Clinical applications of diffusion tensor magnetic resonance imaging in cardiovascular disease

Diffusion tensor cardiac magnetic resonance (DT-CMR) is an emerging technique capable of characterising myocardial architecture in-vivo, something previously only possible in post-mortem studies. By measuring the velocity of diffusion of water molecules as it is impeded by cell membranes in the myocardium, DT-CMR can measure the mean diffusivity (MD) and fractional anisotropy (FA) - markers of magnitude and anisotropy of diffusion of water molecules. Based on the principle that water diffusion occurs preferentially along the long axis of cardiomyocytes, DT-CMR can infer upon the orientations of myocardial sheetlets by measuring the absolute secondary eigenvector angle (E2A), and the orientations of cardiomyocytes.

This offers the potential to elucidate many of the pathophysiological mechanisms of cardiovascular diseases that are currently not well understood, as well as providing diagnostic and prognostic biomarkers which can complement the techniques that are currently available. The overall aim for this thesis was to validate the technical and clinical applications for DT-CMR in cardiovascular diseases. Specifically, this thesis includes work on sequence development, post-processing refinements and clinical studies of patients following ST-elevation myocardial infarction (STEMI) and patients with hypertrophic cardiomyopathy (HCM).

Recent advancements in percutaneous coronary intervention have improved survival rates following STEMI, but despite optimal management, up to a third of STEMI survivors develop adverse left ventricular (LV) remodelling in the long-term. This is characterised by progressive cavity dilatation, impaired contractility and is associated with reduced survival. Adverse remodelling is difficult to predict and this maybe in part due to the incomplete understanding of the pathophysiological processes, particularly earlier in the disease pathway. By studying the acute and dynamic changes in microstructure post-injury, DT-CMR may help explain the ensuing maladaptive, mechanical changes in the myocardium.

The aims of chapters 3-4 were to examine how DT-CMR parameters are affected following STEMI, comparing infarcted myocardium with adjacent and remote areas. The aim of chapter 5 was to establish the predictive relevance of acute DT-CMR for adverse-remodelling at 12 months post-STEMI. Through our results, we demonstrate that patients are at significantly greater risk if their acutely infarcted myocardium exhibits reduced FA (signifying cardiomyocyte disarray) and reduced E2A (signifying the underlying myocardial sheetlets remain fixed in a hypo-angulated state during systole).

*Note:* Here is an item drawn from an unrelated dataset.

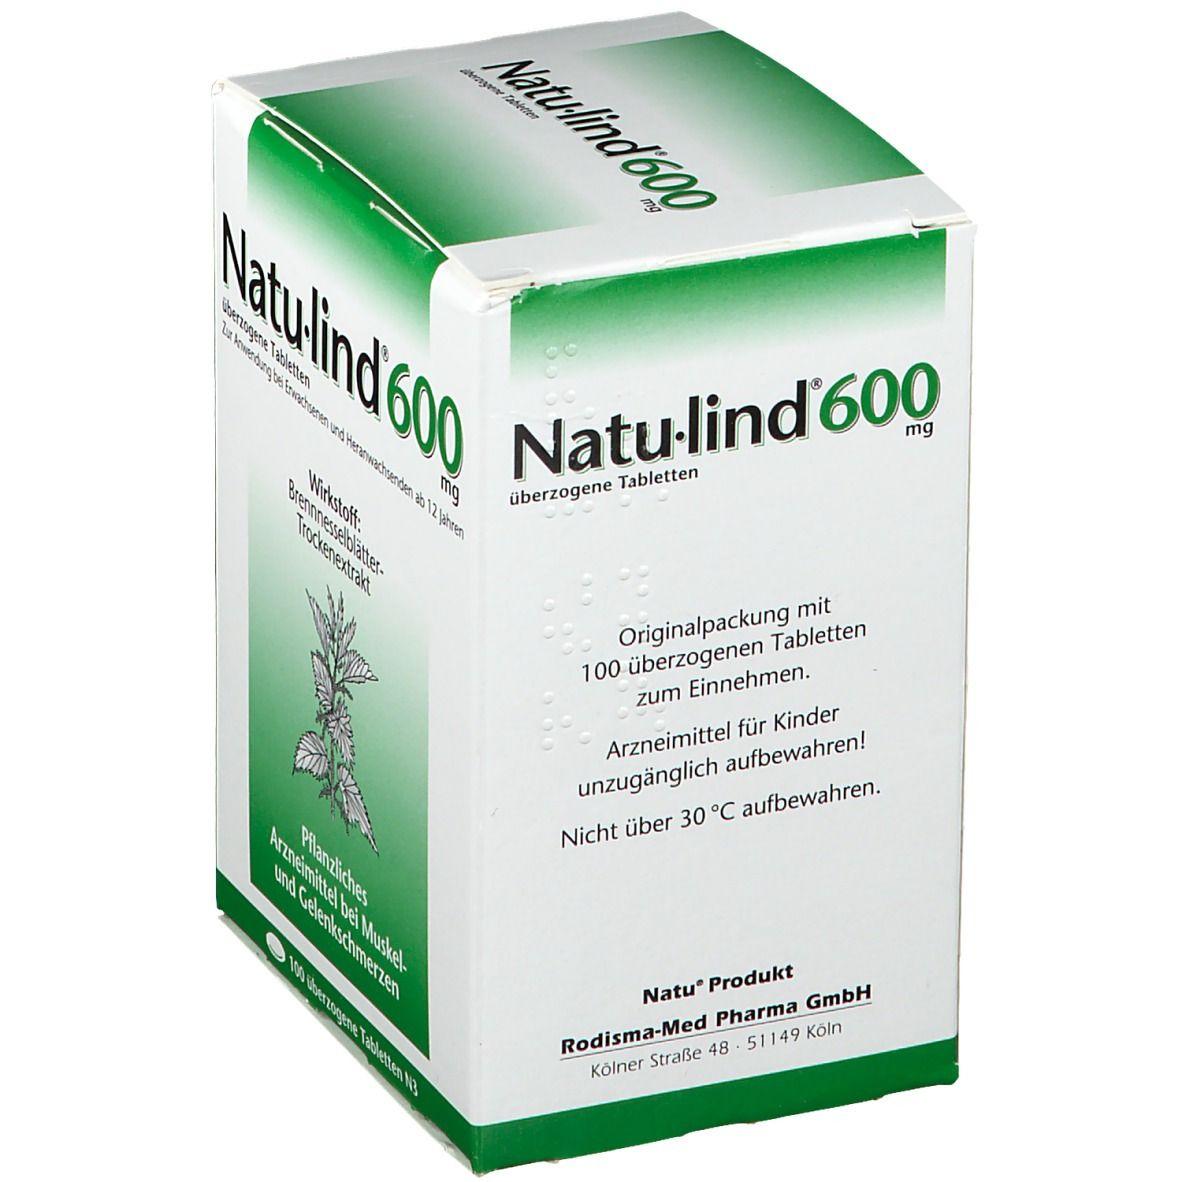 Natu-lind® 600 mg

These results demonstrate the potential clinical utility of DT-CMR for prognostic risk-stratification following STEMI.

These findings encouraged me to explore the behaviour of DT-CMR parameters in patients with HCM. This is another condition where the prognosis is diverse and difficult to predict, again partly owing to incomplete understanding about the underlying pathophysiological mechanisms particularly early on in the disease pathway. The aim of chapter 6 was to compare DT-CMR parameters between healthy volunteers, athletes and HCM patients. Our results demonstrated than HCM patients have globally higher MD (signifying diffusion is more unrestricted), reduced FA (signifying cardiomyocyte disarray) and higher E2A (signifying the myocardial sheetlets adopt a hyper-angular orientation during systole) than athletes and healthy volunteers. In chapter 8, the aim was to establish if these findings are evident beyond areas of macroscopic abnormalities. Our results demonstrate that in comparison with healthy volunteers, HCM patients – even in myocardial segment with normal wall thickness, normal perfusion and no scarring - have reduced FA, increased E2A and increased MD. These results shed light on the sequence of pathology and demonstrate the clinical utility of DT-CMR for early detection of phenotypic expression in HCM.

In conclusion, DT-CMR is safe, feasible and can provide quantitative information about the histological state of the myocardium, which can complement clinical and imaging risk factors and improve clinical decision making for managing a range of cardiovascular diseases.